How much time have you got? I ask because the best hybrid longbow I've ever had was a McCullough Griffin. Unfortunately his wait time is measured in years, around three last I heard. They do appear in the classifieds once in a while. I had a 64" bow but I think they are more common in a 60" length.

The Big Jim Buffalo bow is another great one (http://www.bigjimsbowcompany.com/custom_bows.php). Jim's craftsmanship is second to none, absolutely beautiful bows that shoot great.


----------



## JINKSTER (Mar 19, 2011)

IMHO?...there isn't...."A BEST"...RD Hybrid Longbow out there...but there is a veritable plethora of RD Hybrid Longbows offerings out there that are beyond Excellence...in every measure...which include but are not limited too....and in no particular order...

Centaur (Triple Carbon/Dark Matter)
Fox Triple Crown
Toelke Whip
Griffins & Shrews (if you can find one on the latter)
Big Jim (Thunder Child Or Buffalo)
Borders (Harrier Royale)
Black Widow

and last but most certainly not least?...

Bushmen Custom Longbows (American Native/Sneaky Stick 2pc/American Warrior) and here's a pic of me with my beloved American Native in his Testimonials section...










Now all of those are creme de la creme so to speak and there's really no need to go that exotic to experience first class performance from a modern RD Hybrid Longbow in which case the following are also great choices....

Bodnik Quick Stick & Slick Stick...Martin Savannah (represents a great value)...as do Omega Bows.

all I got at the moment though I'm certain I forgot a few...happy shopping and L8R, Bill. :cool2:


----------



## BarneySlayer (Feb 28, 2009)

Omega...

Maybe cajole him into doing a phenolic/wood/phenolic laminate for the riser section...


----------



## benofthehood (May 18, 2011)

From personal experience ... A with that draw length I'd be thinking a Toelke Whip might fit the Bill as Dan will make them as short as 58" from memory. 

They are exceptionally well mannered , not the fastest bows around but they do everything so well it doesn't matter IMHO. Plus build time is very very quick( my last was three weeks) , build quality is stellar as is customer service.

Ditto the above for Allen Boice' Liberty Longbows ... His Chief and Edge models are fantastic.

There are heaps of great bows being made today . If you can't get to a shoot to try a few , then there'll be plenty of reviews about and some bowyers will send you a test bow .

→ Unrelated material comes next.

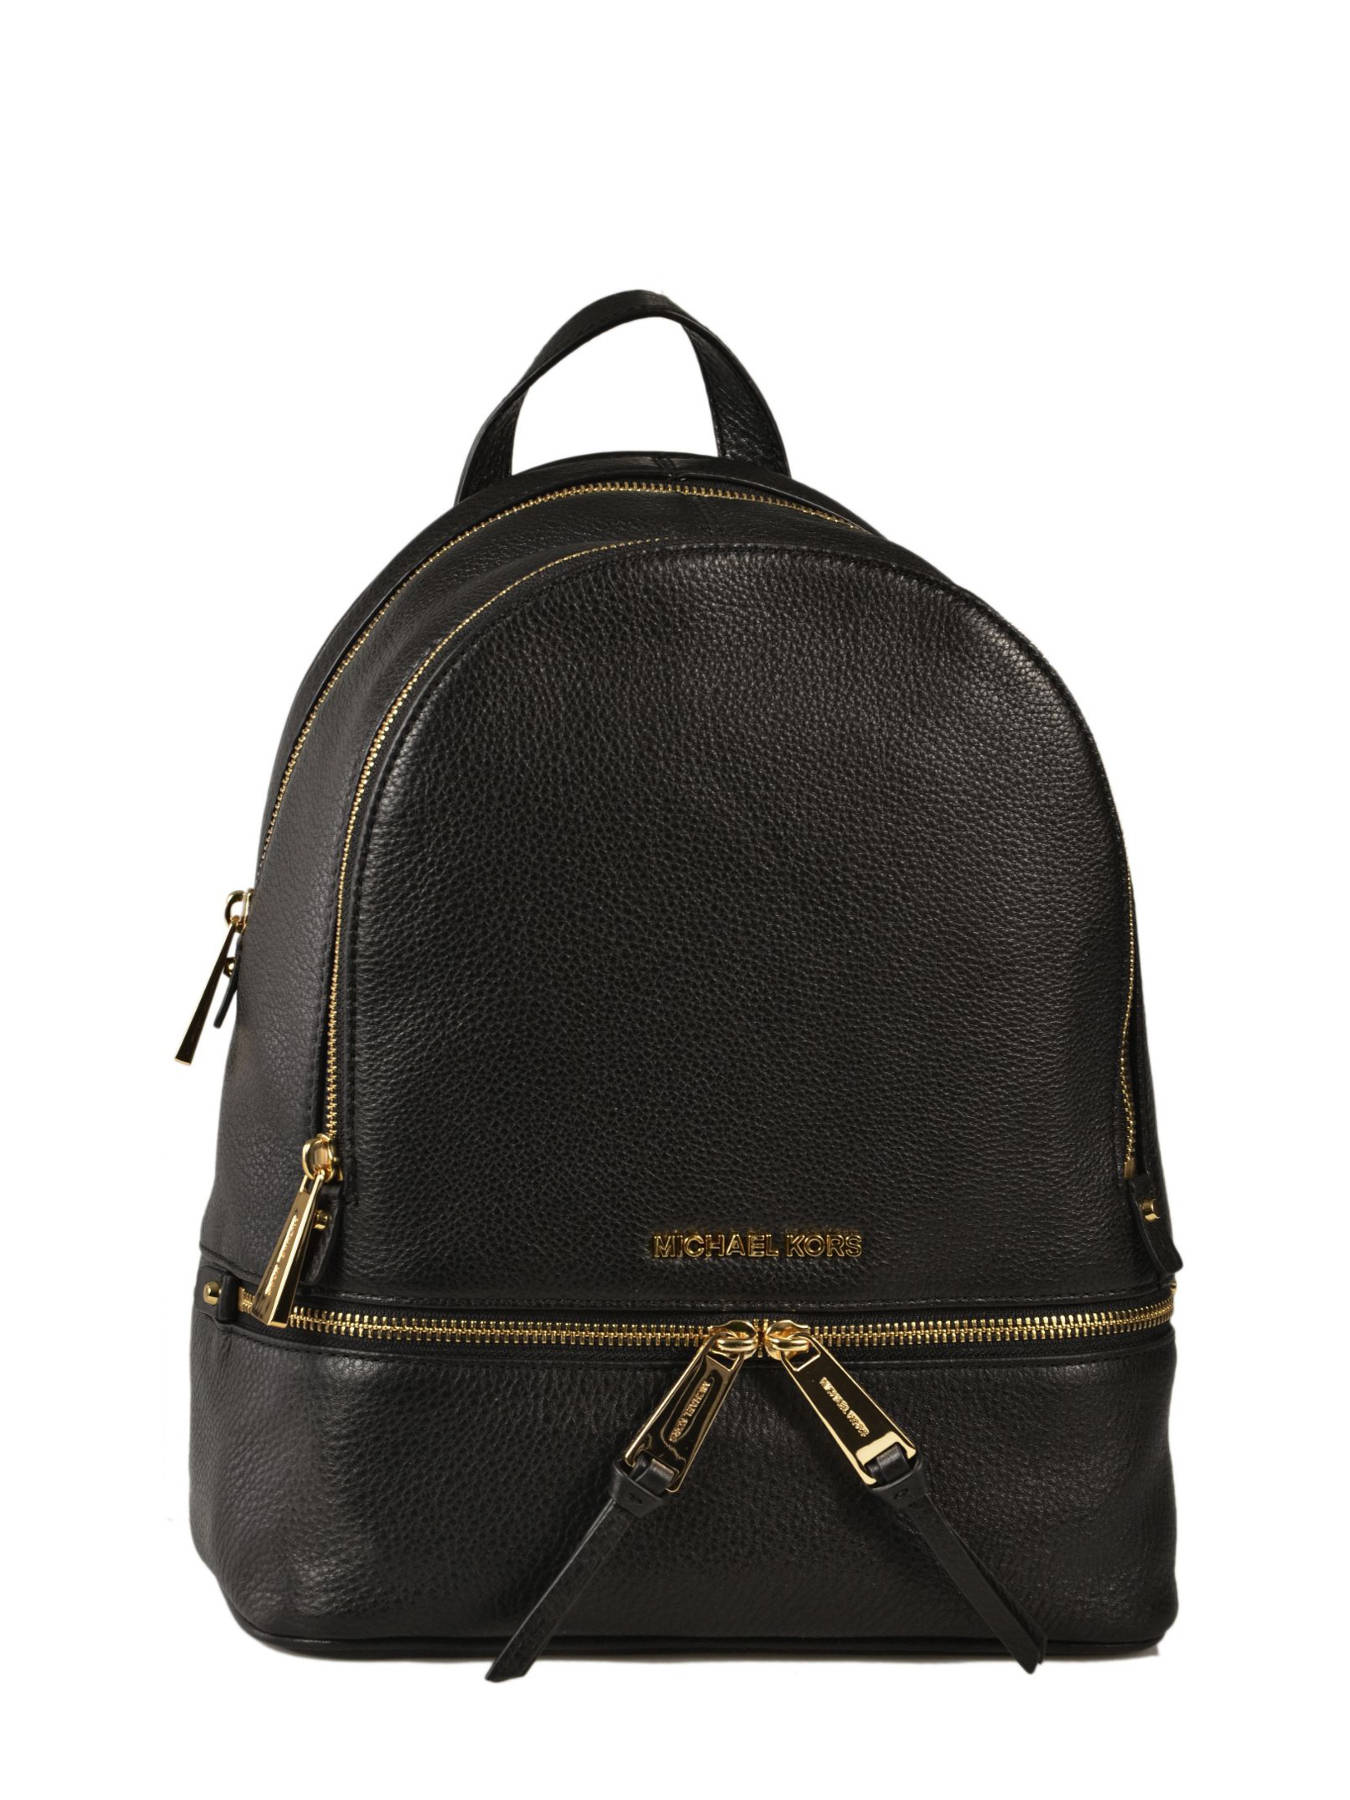 Michael Kors Backpack  - free shipping available

As a differing option what about a TradTech Onyx or similar variation with Longbow Limbs ? They are sweet .....


----------



## slowbowjoe (Jun 7, 2014)

I'm pretty much with Jinkster on this one. Hybrid shooter here myself. Addressing your question and preferences: "Javaman" Elkheart or Falcon (made by Greg Coffey, who was building the Shrew line for some years), Big Jim Thunderchild, CariBow Wolverine, Leon Stewart Lil Slammer, or Centaur are all superb bows which fit your description. (The Toelke Whip is also right up there, but it isn't a hybrid.)

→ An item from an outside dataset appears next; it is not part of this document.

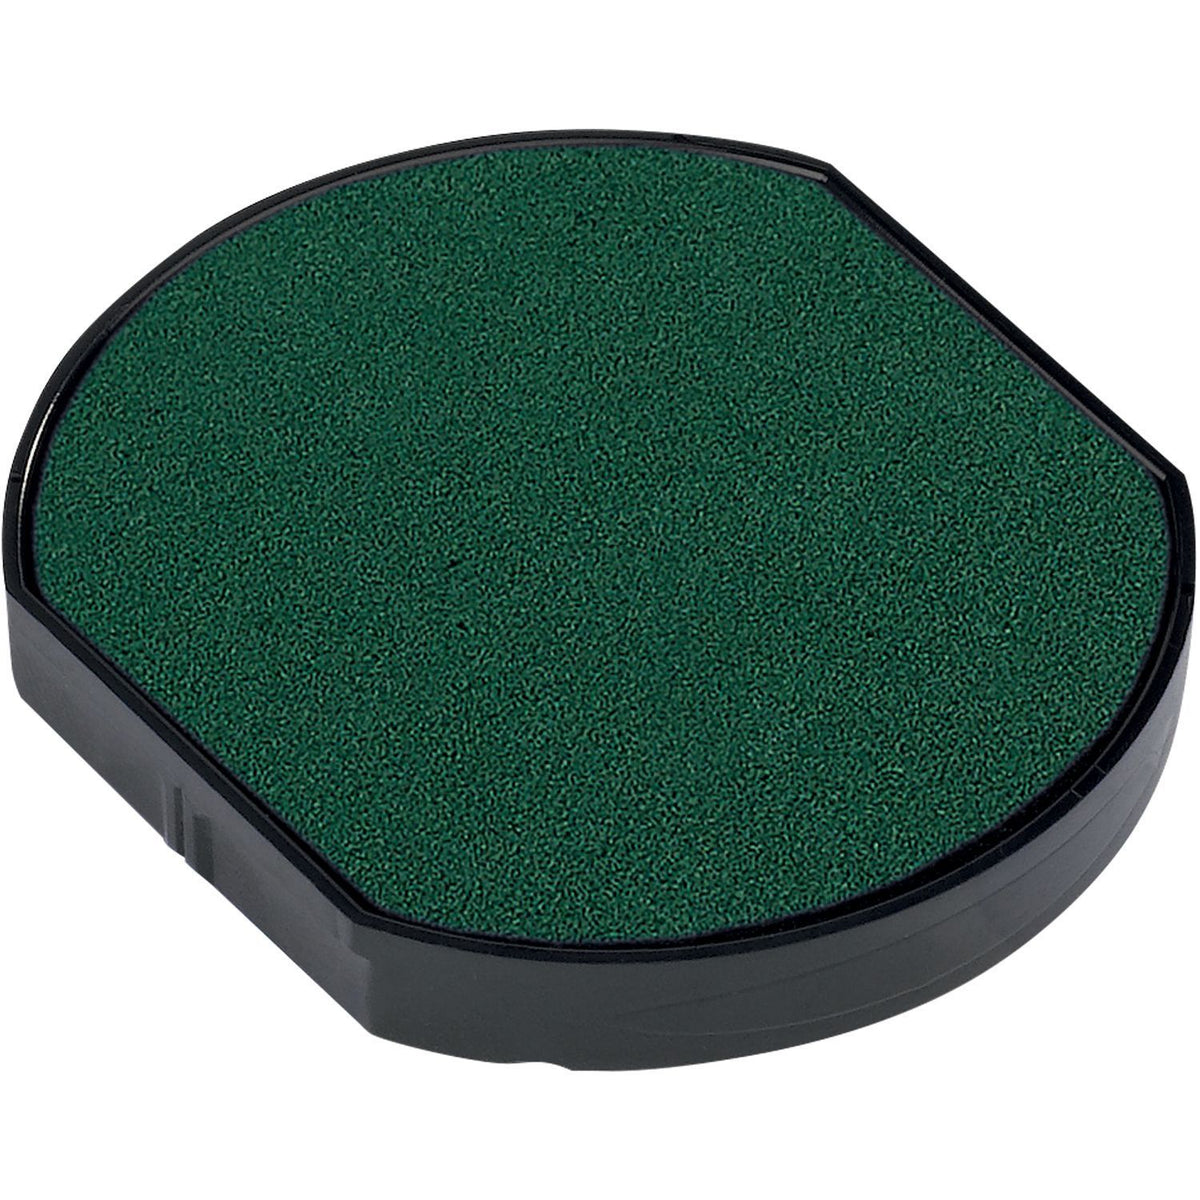 One Color Replacement Ink Pad For 46130 Trodat Green

I am extremely satisfied with my Falcon (58", 28" draw). I was fortunate to find one which Greg had in stock in my specs, so no wait. Didn't even intend to buy it, I arranged a "try out", and simply couldn't send it back, I was so impressed. If I are to go for another bow (not likely for some time, at least) - it would be one of Greg's Elkheart's. Same design, but a shorter riser, hence a slightly shorter bow. You could shoot a 56" with length to spare, I'd bet a 54" would perform just fine with your draw. By the way, there's one of those up for sale on the TradGang classifieds.


----------



## Stone Bridge (May 20, 2013)

I shot a Shrew several years ago. I'm not sure of the length but it was very short. Even at my 27" draw length the thing was stacky and slow. Not only slow and crappy to draw, but it was very tough to group with. Short longbows of such light weight are worthless unless you only hunt inside 15 yards. Even then a good 60" recurve beats the dog out of any Shrew or similar model for speed and grouping. 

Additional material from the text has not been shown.